Given entries:
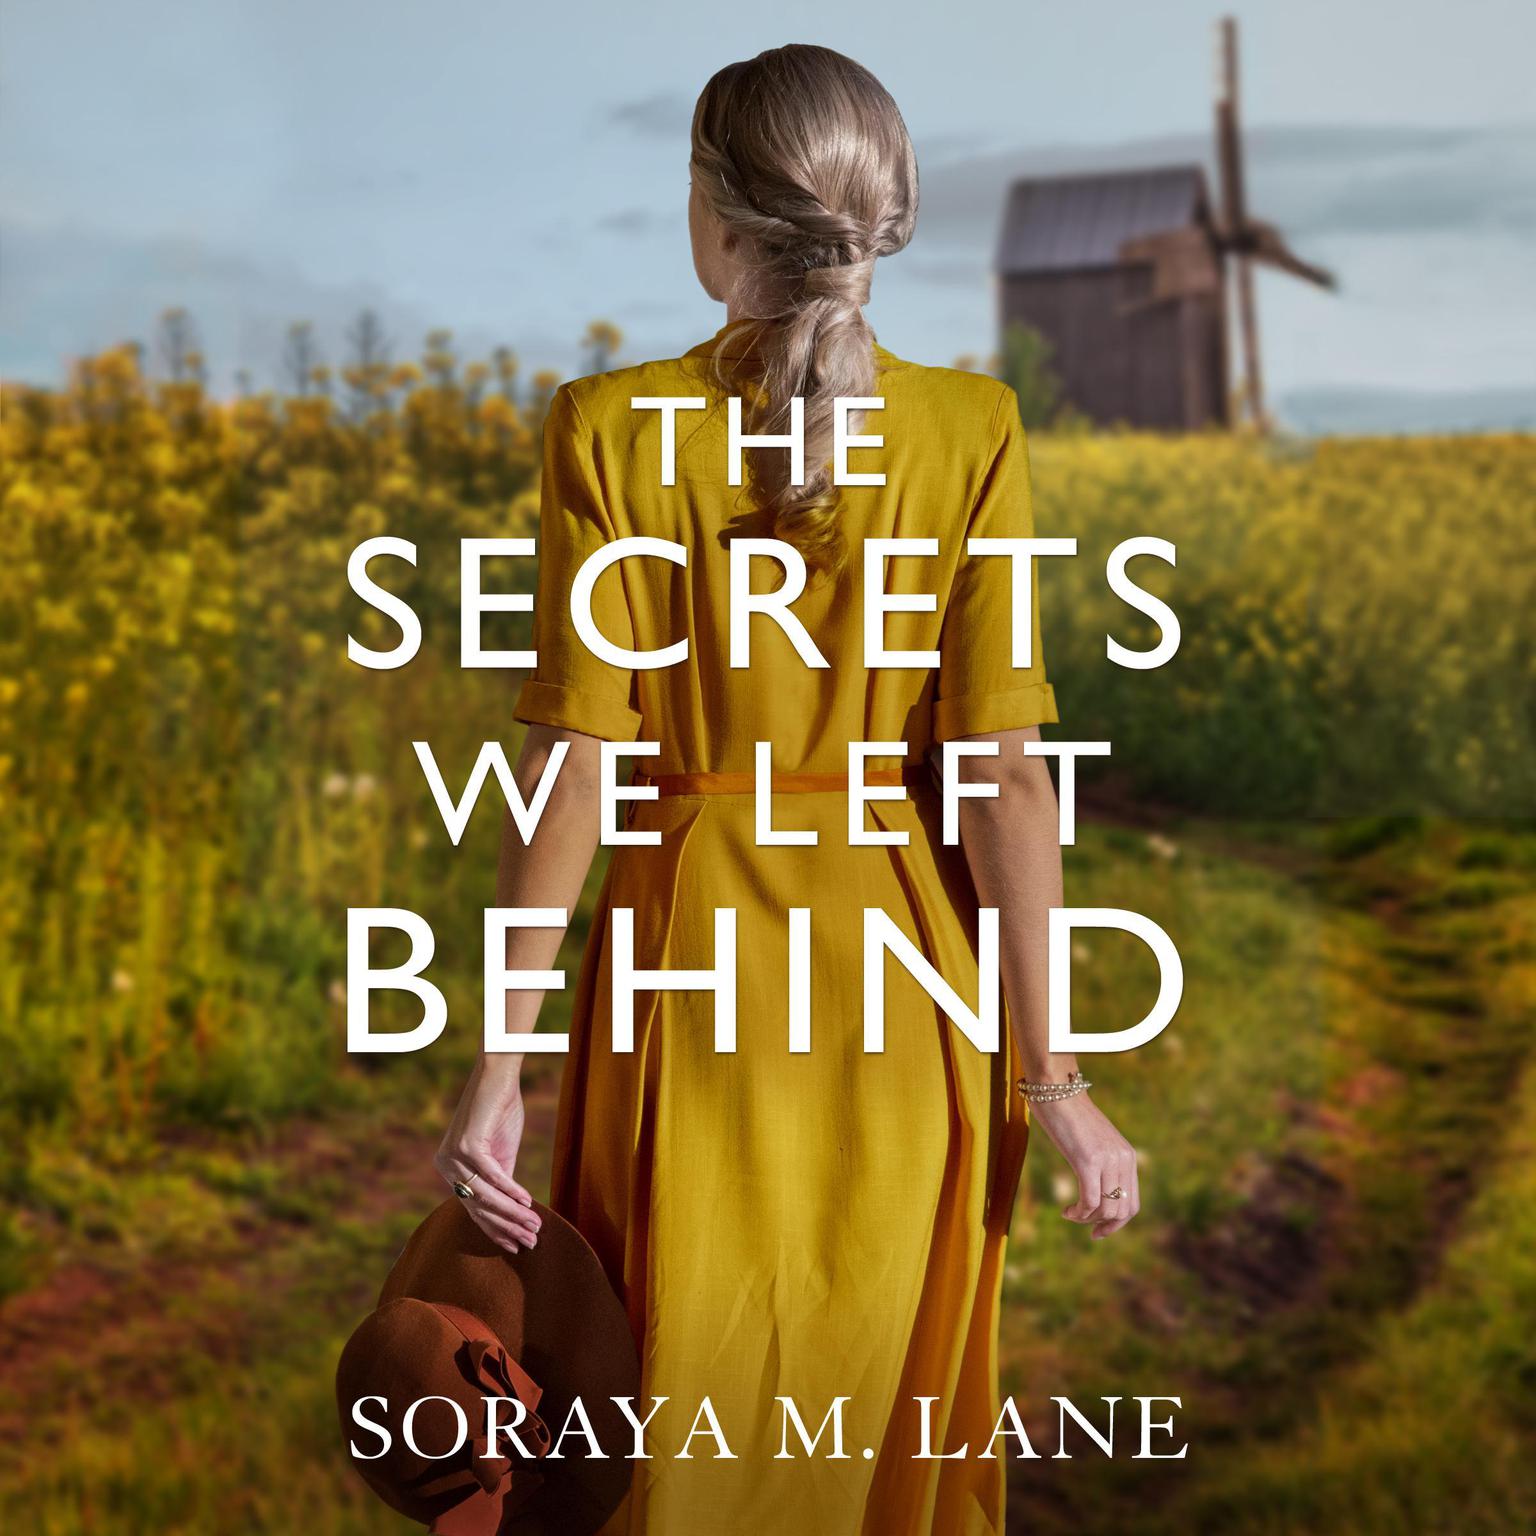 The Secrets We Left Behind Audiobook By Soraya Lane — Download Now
--
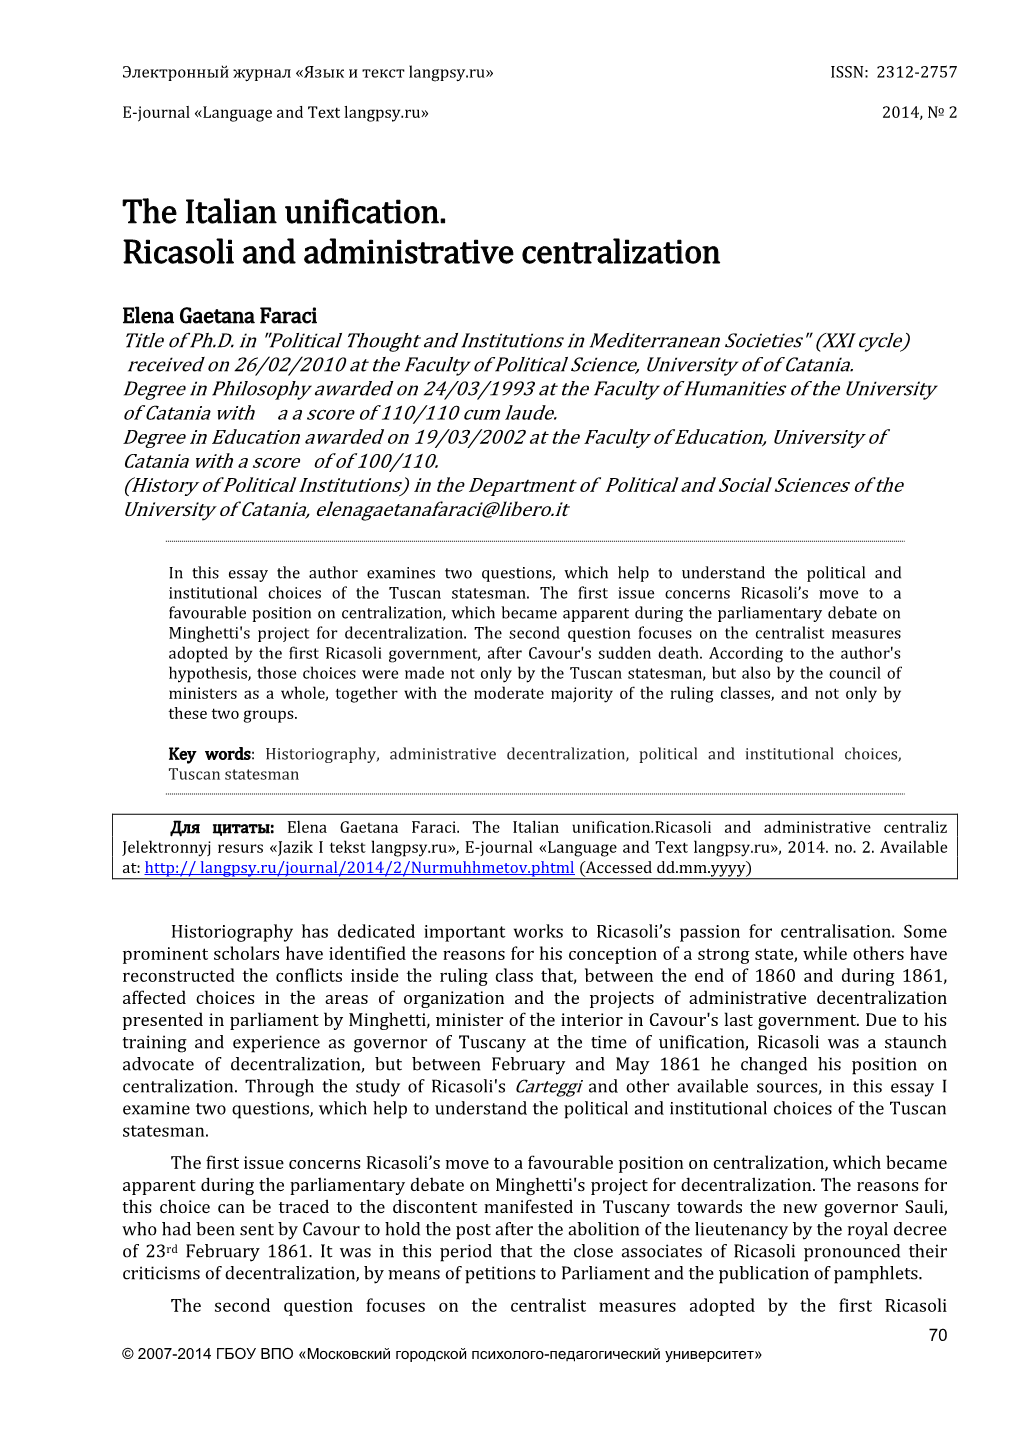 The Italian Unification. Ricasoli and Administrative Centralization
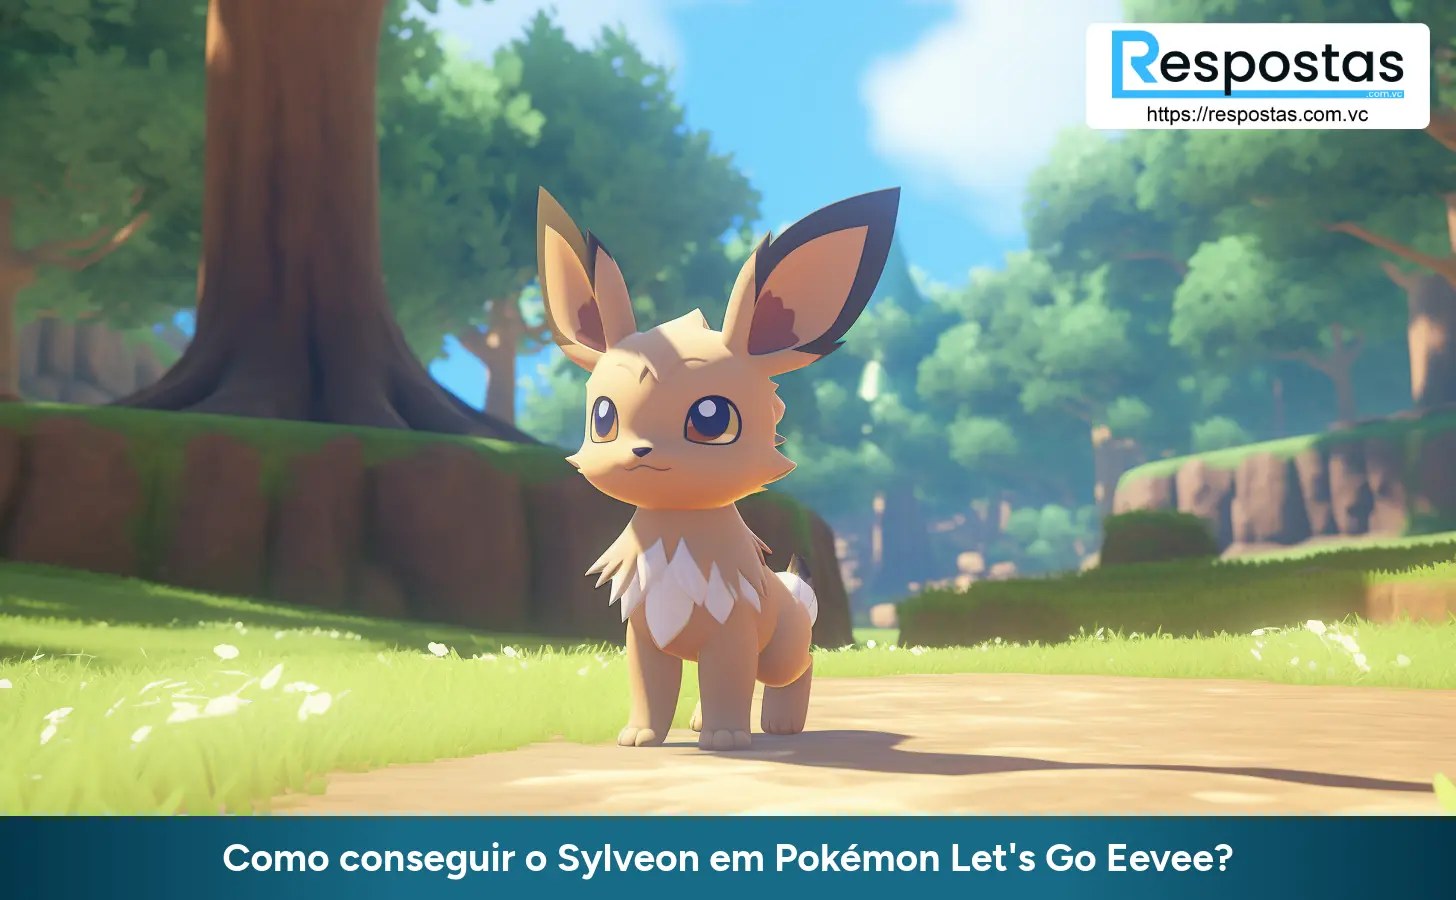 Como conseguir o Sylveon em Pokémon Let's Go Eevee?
--
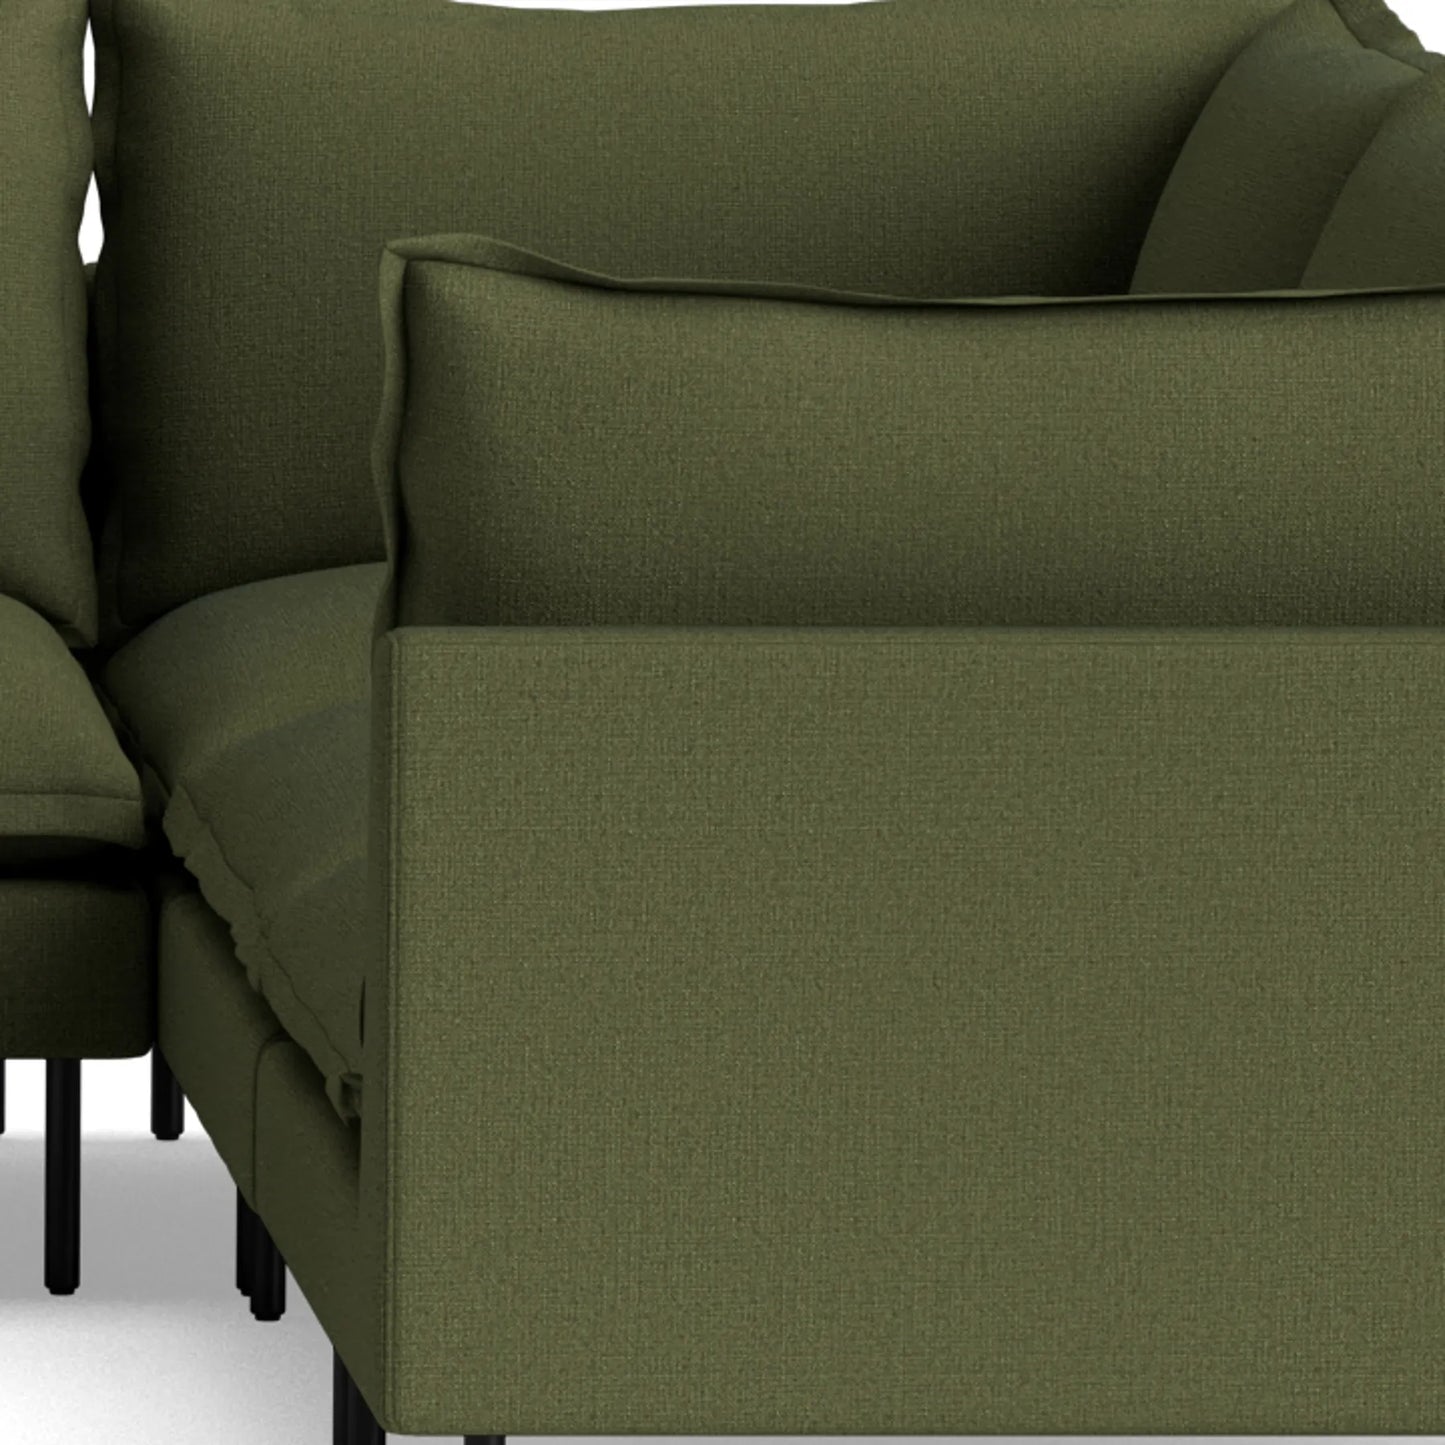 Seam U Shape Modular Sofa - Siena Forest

Task prompt: Using the data above, return the lines from the one holding "The Italian Unification." through the one holding "Como conseguir o" exactly, but not the pictures.

Task output:
 The Italian Unification. Ricasoli and Administrative Centralization
 Como conseguir o Sylveon em Pokémon Let's Go Eevee?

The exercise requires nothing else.